Comparaison du nombre d'entrées disponibles dans les bases de données sur la séquence protéique, la structure protéique et les annotations fonctionnelles spécifiques basées sur une structure : interface d'interaction protéine-protéine (IPP). Ces résultats sont respectivement basés sur les entrées protéiques disponibles dans la base de données UniProtKB/TrEMBL, les entrées protéiques disponibles dans la Protein Data Bank (PDB) et les entrées protéiques avec annotations d'interface PPI. Notez que l’axe des y est logarithmique.

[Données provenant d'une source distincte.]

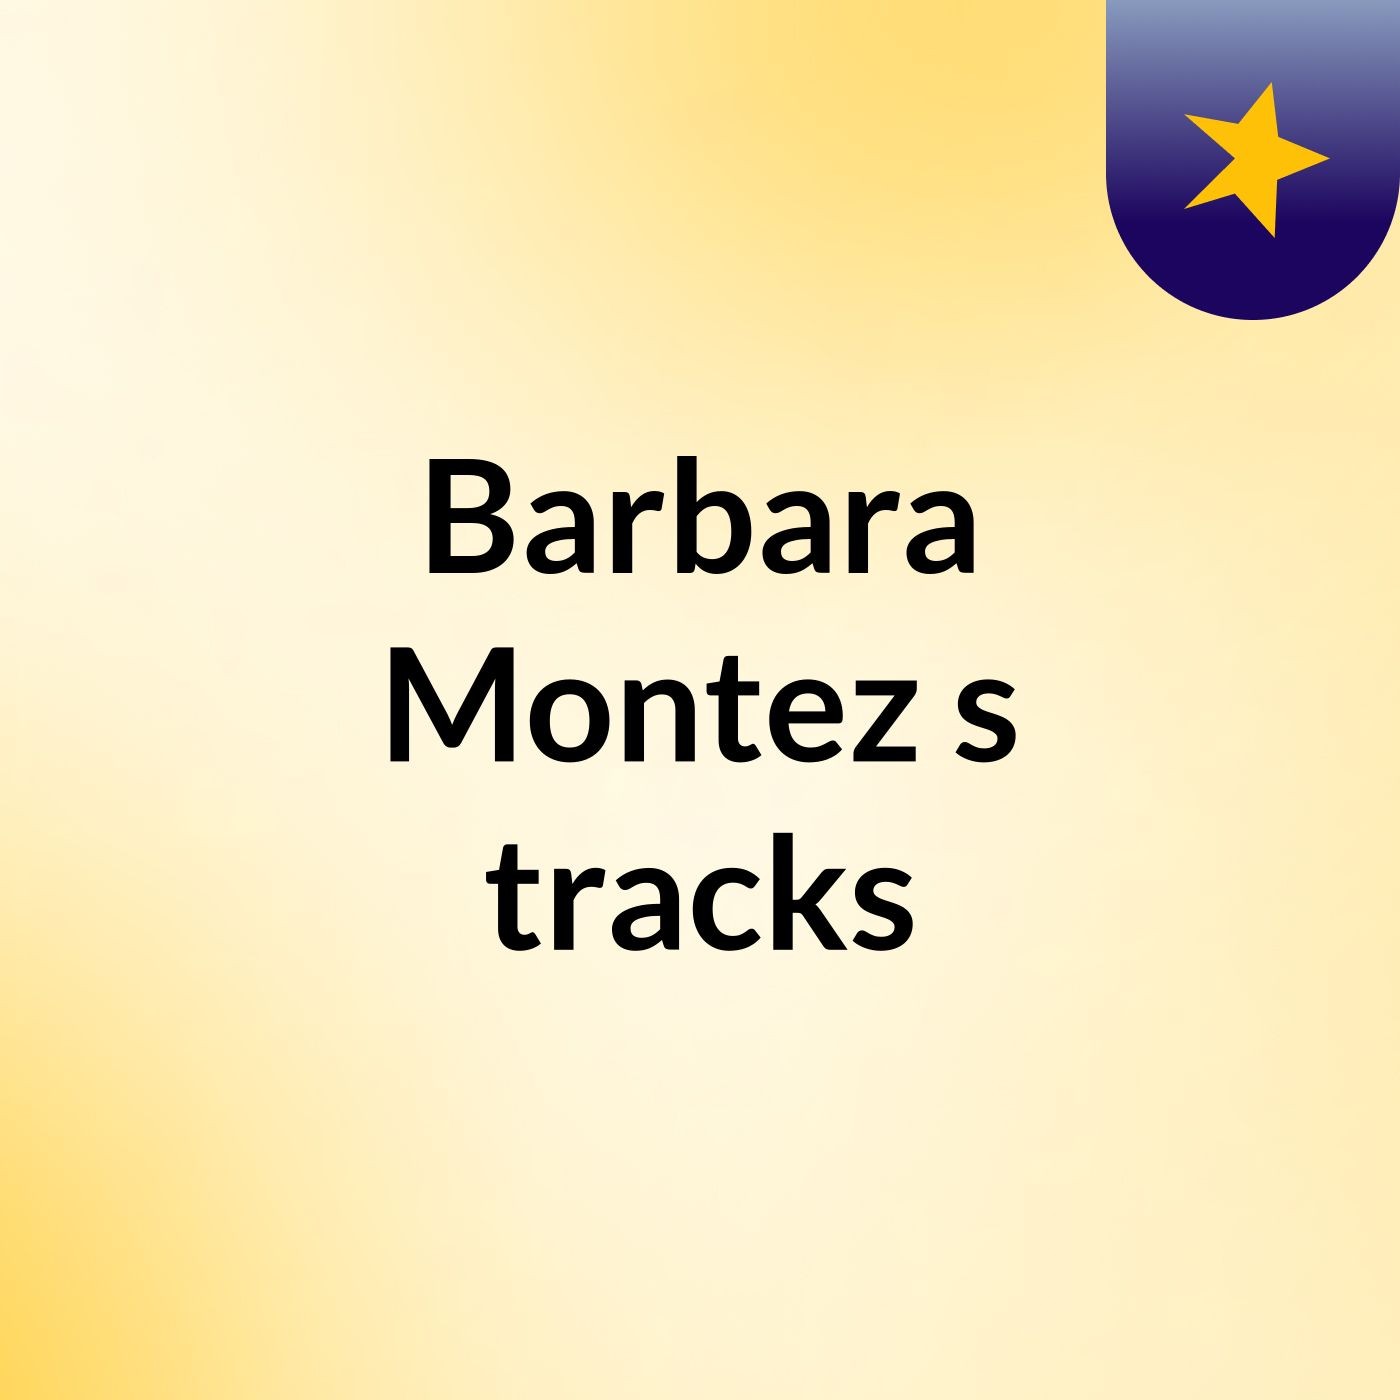 Barbara Montez's tracks

En raison des succès de l’apprentissage profond dans des domaines tels que le traitement du langage naturel, les approches d’apprentissage profond sont de plus en plus utilisées et ont montré de grands succès pour la prédiction des caractéristiques structurelles des protéines14,15,16,17. Dans l’apprentissage profond, plusieurs couches connectées, ainsi que leurs paramètres, prédisent la sortie des caractéristiques d’entrée correspondantes18. Des approches et des modèles tels que les réseaux de neurones convolutifs (CNN), les réseaux de neurones résiduels (ResNet), les réseaux de neurones récurrents (RNN), les réseaux de mémoire à long terme (LSTM), les transformateurs et les apprenants multitâches apparaissent dans les méthodes récentes de prédiction de structure15,16. ,19,20,21,22. Hanson et al.16 ont utilisé, entre autres, des ResNets ultra-profonds dans le modèle SPOT-1D, capables de capturer des interactions non locales entre des résidus proches uniquement dans la structure protéique et non dans la séquence protéique16. Heffernan et al.21 ont utilisé des RNN bidirectionnels LSTM et ont montré que cette méthode est utile pour capturer les interactions à longue portée, en particulier pour les résidus comportant un grand nombre de contacts à longue portée. Nous avons récemment comparé l'utilisation de différentes architectures de réseaux neuronaux pour la prédiction des interfaces protéiques23. De plus, les transformateurs ont été utilisés avec succès dans le langage des protéines24,25. Dans les transformateurs, les informations tirées des données générales du domaine, telles que les séquences protéiques, sont transférées vers des données spécifiques au domaine, telles que la prédiction de la structure secondaire. Une autre stratégie dans laquelle l'information est transférée est l'apprentissage multitâche.